Uma vez caracterizada essa condição, o devedor contumaz passa a sofrer sanções severas, entre elas: impedimento de usufruir de benefícios ou incentivos fiscais; restrição a parcelamentos e programas de anistia; vedação ao uso de créditos de prejuízo fiscal e de base negativa da CSLL; proibição de propor ou manter recuperação judicial, podendo ter a falência requerida pela Fazenda Pública; e, em casos de reiteração, até a baixa compulsória do CNPJ.
O efeito prático é a exclusão do mercado formal, já que tais empresas ficam impossibilitadas de acessar mecanismos usuais de negociação ou reestruturação de dívidas.

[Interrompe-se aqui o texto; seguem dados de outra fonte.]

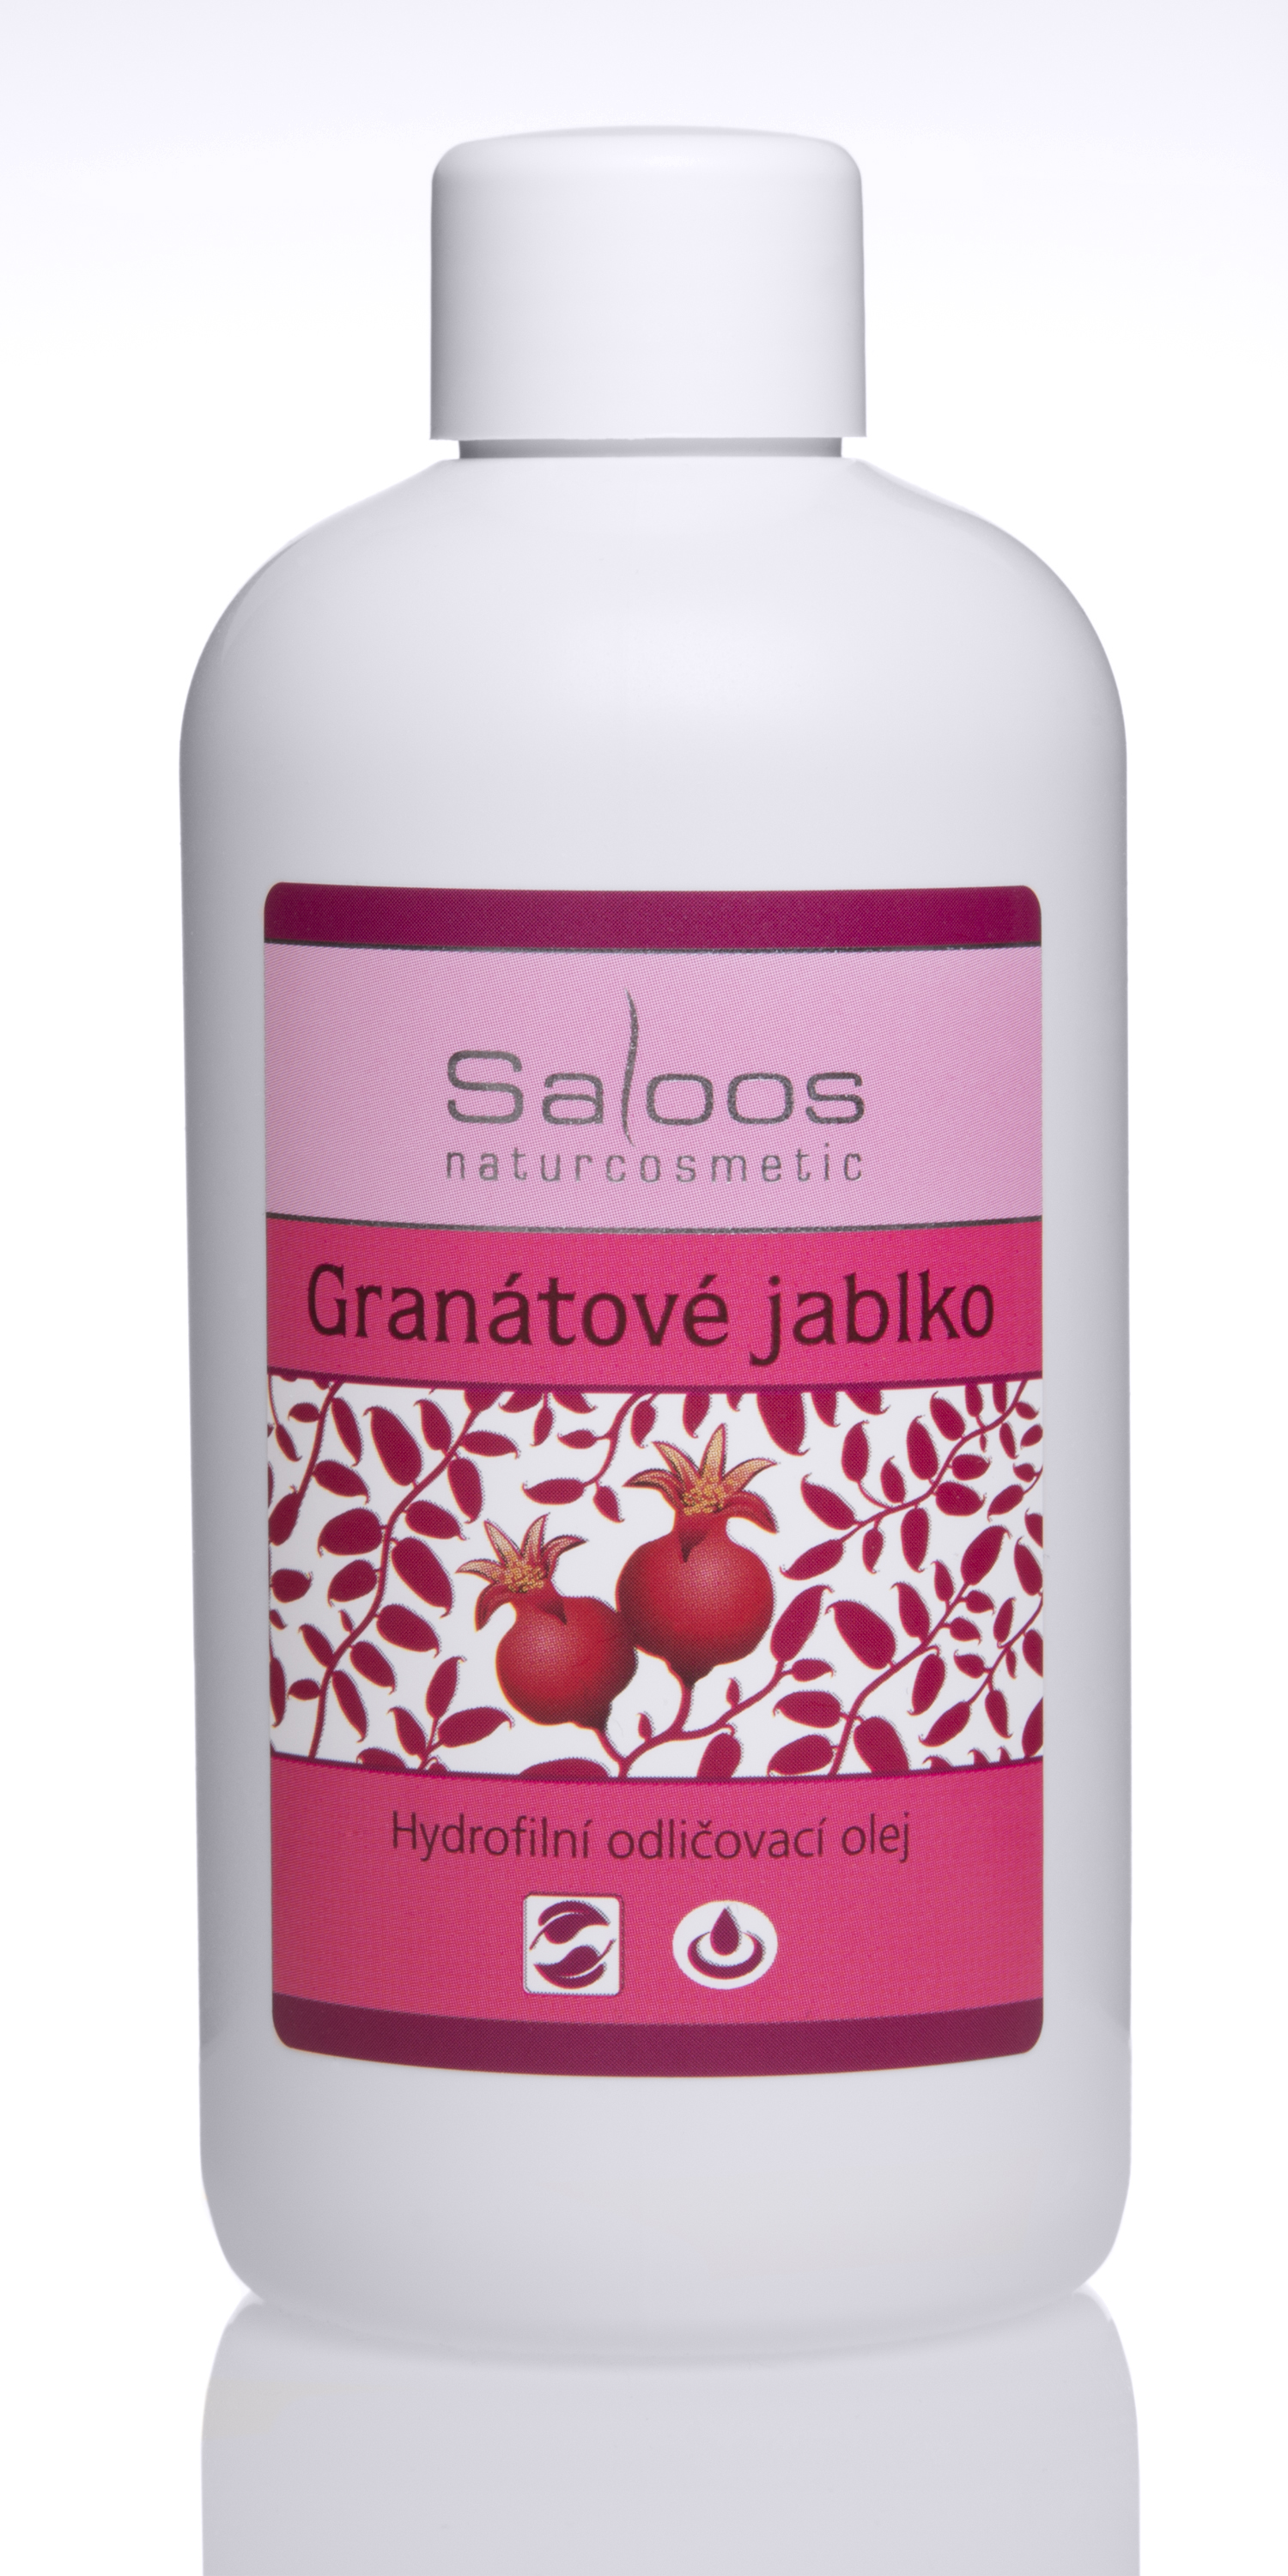 Zobrazit detail výrobku Saloos Hydrofilní odličovací olej - Granátové jablko 250 ml + 2 měsíce na vrácení zboží

O ponto crítico, entretanto, é que, embora o projeto avance na repressão a condutas fraudulentas, ele pouco inovou em criar contrapesos efetivos para proteger os contribuintes regulares contra abusos da Administração Tributária. Diferentemente do Código de Defesa do Consumidor, que estruturou instrumentos de proteção coletiva e canais independentes de denúncia, o Código de Defesa do Contribuinte não prevê mecanismos equivalentes. O risco, portanto, é que, sob o rótulo de uma legislação de defesa, tenhamos um diploma que fortalece ainda mais os poderes do Fisco, sem oferecer garantias concretas a quem paga corretamente seus tributos.

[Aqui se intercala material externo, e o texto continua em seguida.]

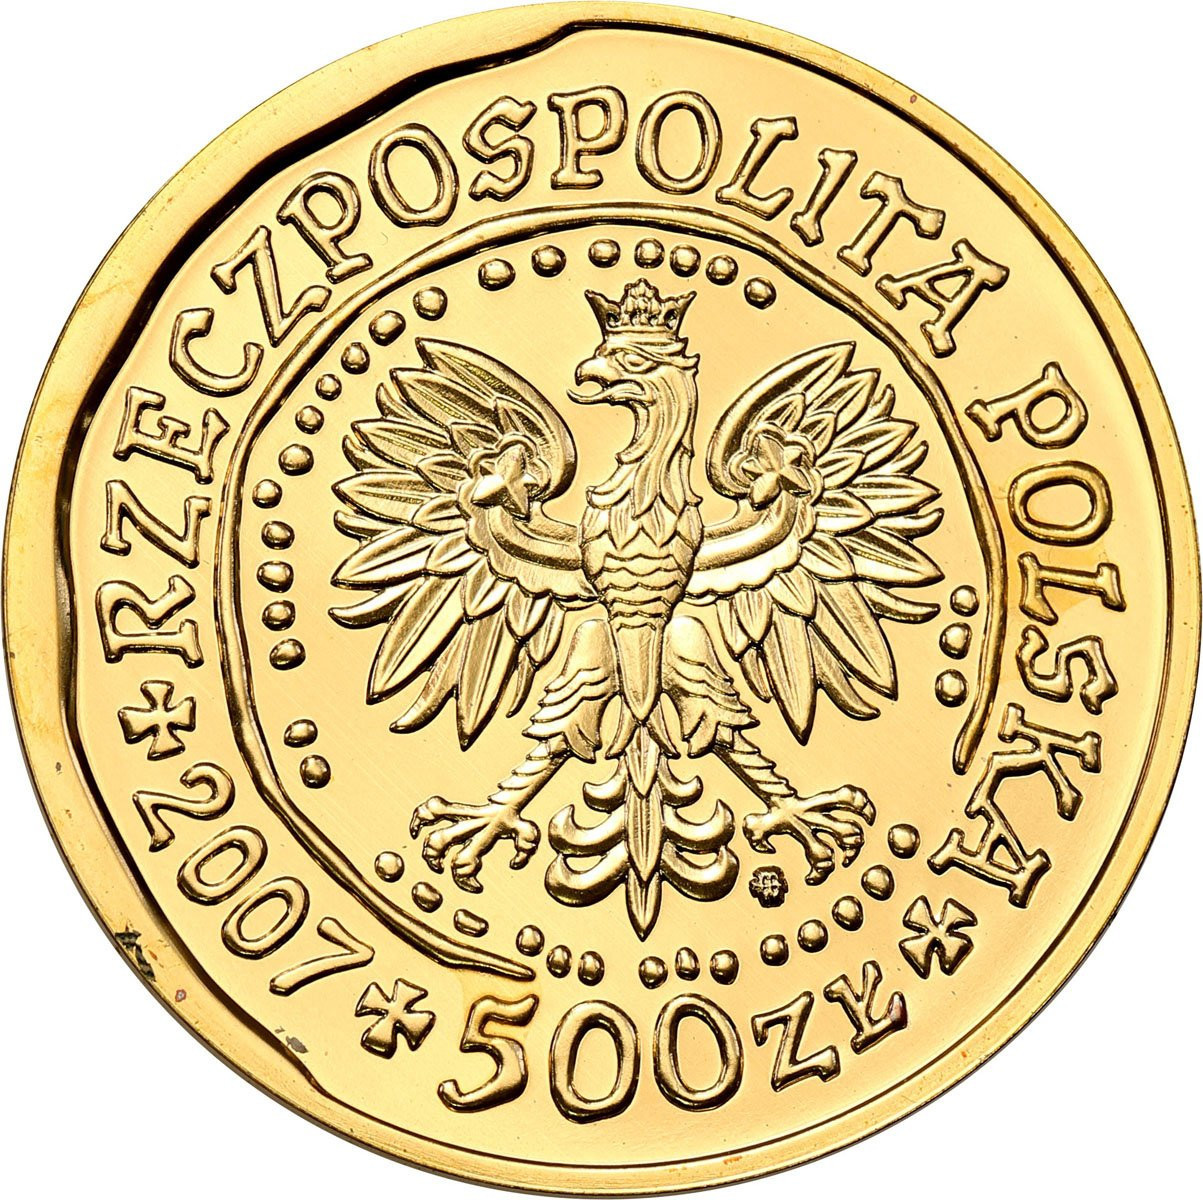 Polska. 500 złotych 2007 Orzeł Bielik – UNCJA ZŁOTA

Assim, os efeitos do Código podem ser vistos em duas direções. Para o mercado, há uma sinalização positiva de maior justiça concorrencial, ao coibir empresas que se beneficiam de práticas ilícitas. Para as empresas, porém, permanece o alerta: além das sanções duras contra o devedor contumaz, o projeto deixa em aberto situações que podem aumentar a insegurança jurídica e a vulnerabilidade dos contribuintes regulares, que continuam sem instrumentos efetivos para se defender de abusos estatais.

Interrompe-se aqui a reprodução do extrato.